Celestial as we do it in the Navy today is quite different from the days of Columbus.

Today, we have books with star charts and positions of stars and planets based on time of day. A celestial fix can be quite precise. This is the collected knowledge of 300 years of royal and republican observatories of many, many countries gathering the data day by day, year by year.

A modern celestial fix made by a skilled quartermaster or navigator is quite accurate. But it is not an easy skill to learn. Celestial was a whole semester course at Annapolis, and it was quite difficult, because while the concept is easy, the application is quite fiddly, with adjustments here and there. I recall getting a "B" in it, and sweating the load.

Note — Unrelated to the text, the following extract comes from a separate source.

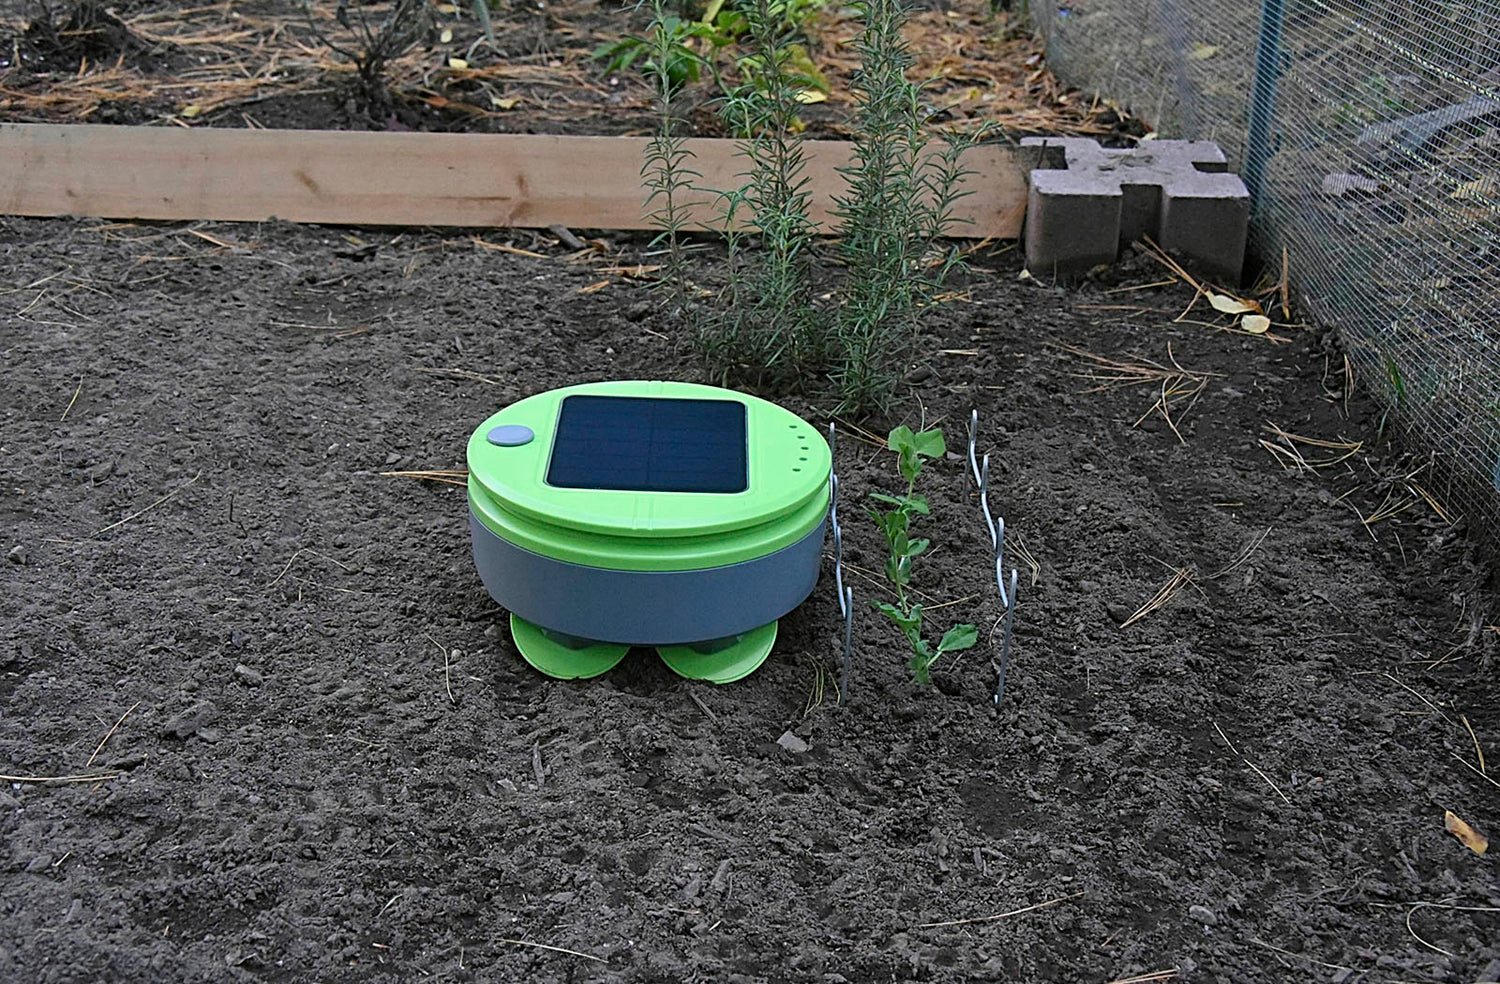 Tertill weeding robot against a metal row guard that protects young seedlings until the robot can sense it. Tertill prevents weeds all season long with just the touch of a button. It is the ultimate gardening tool.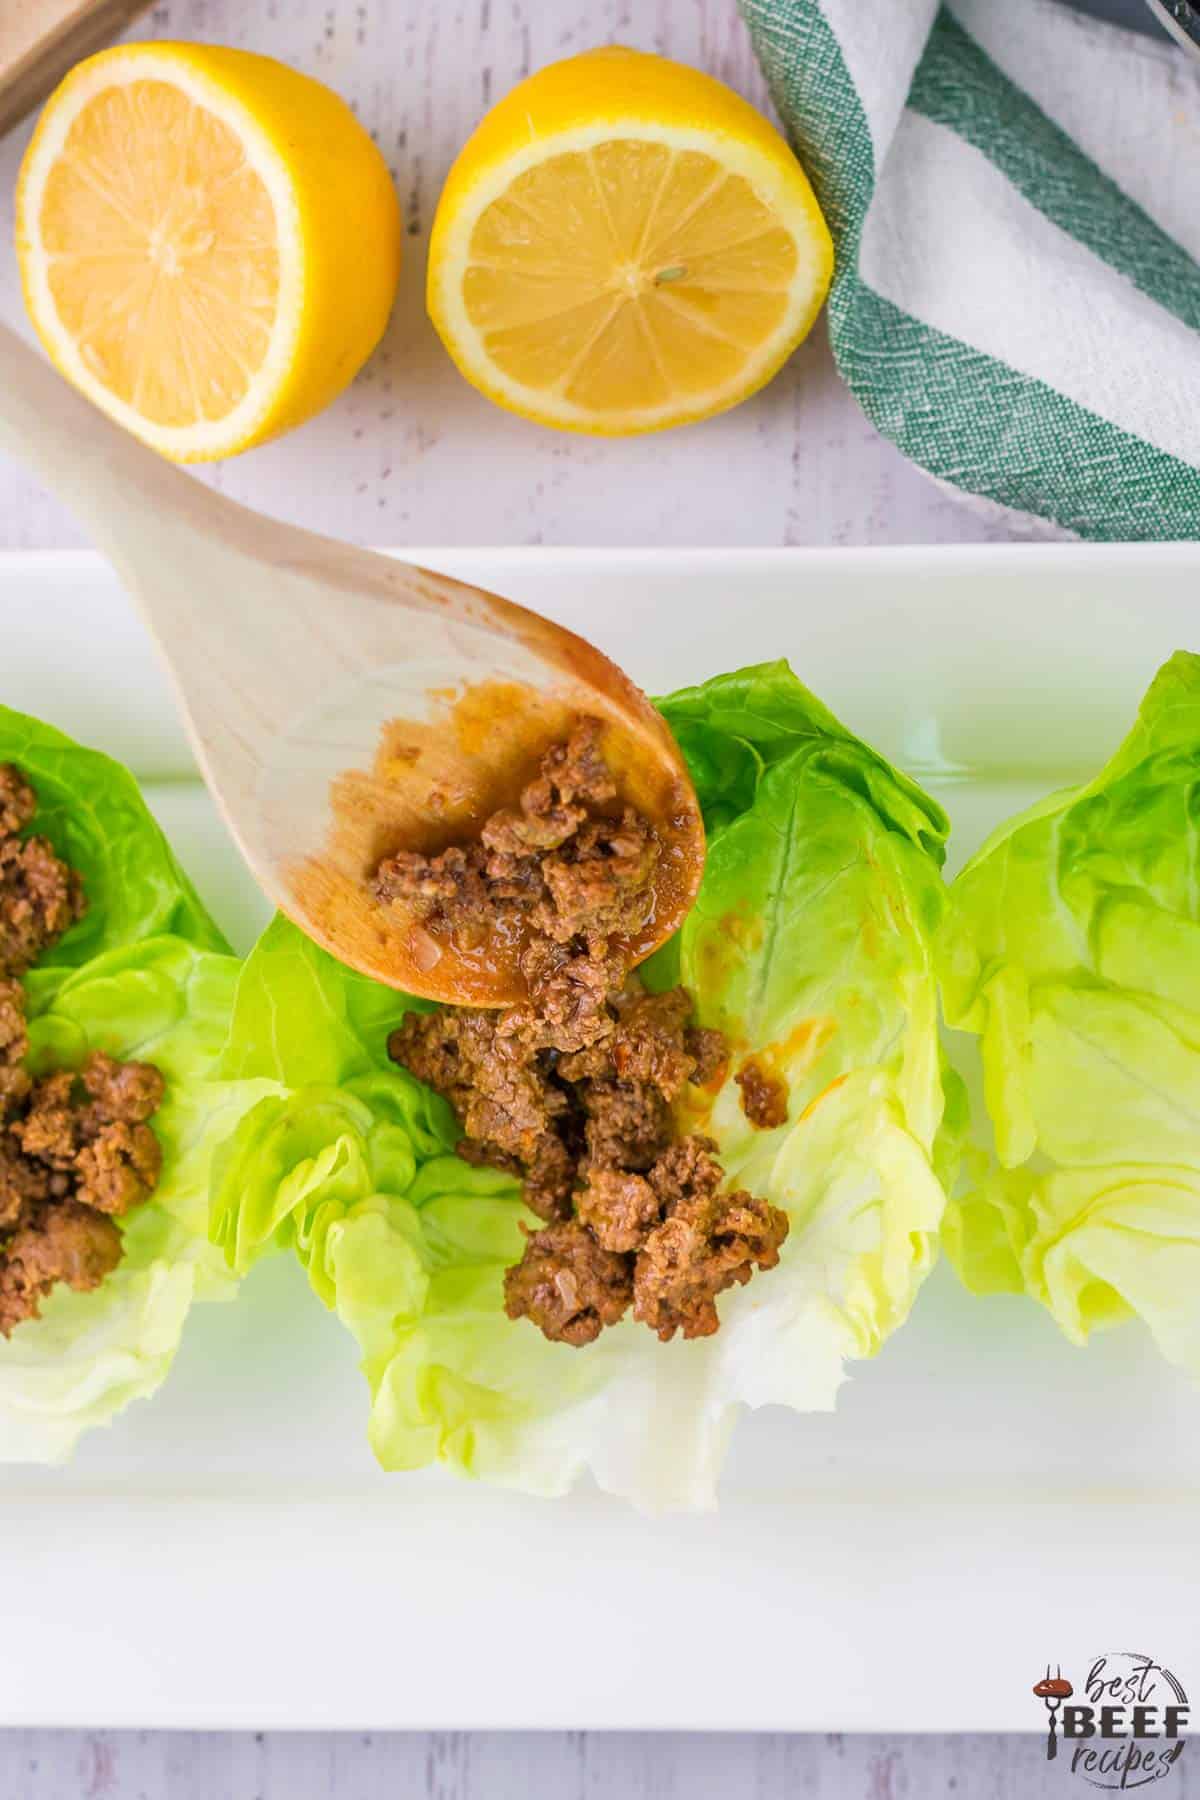 Portioning beef into lettuce wraps recipe

Applying it at sea, for a novice, ranges from difficult to damn-near-impossible because the horizon is often hazy or invisible, and the ship rocks and rolls. The worse the weather, the less possible. Experienced navigators and quartermasters can do it with some rapidity and accuracy. LORAN was always popular before GPS because it's easy: you look, and it tells you. The difference between electronic navigation and celestial is the difference between driving a truck and rigging up and driving a horse-drawn coach. The concept is the same, but the old tech is a lot more challenging.

It is very good that they start to teach celestial again, even though it's hard. It's good because we always knew that LORAN and the other electronic means were subject to capture and deception by sophisticated players. Now, during the Cold War, were the Soviets really going to start diverting airliners into mountains and the like? No. They were certainly a grim and redoubtable foe, but they were never batshit crazy.

Jihadis are. So is the North Korean government.

Back in the days of Columbus they didn't have the star tables. Celestial was much cruder then: North star, compass, local apparent noon sunlines and the like.

With modern celestial, unaided by electronics, a ship could transit the Atlantic Ocean and be likely to arrive at the other side within about three nautical miles, give or take, of the intended.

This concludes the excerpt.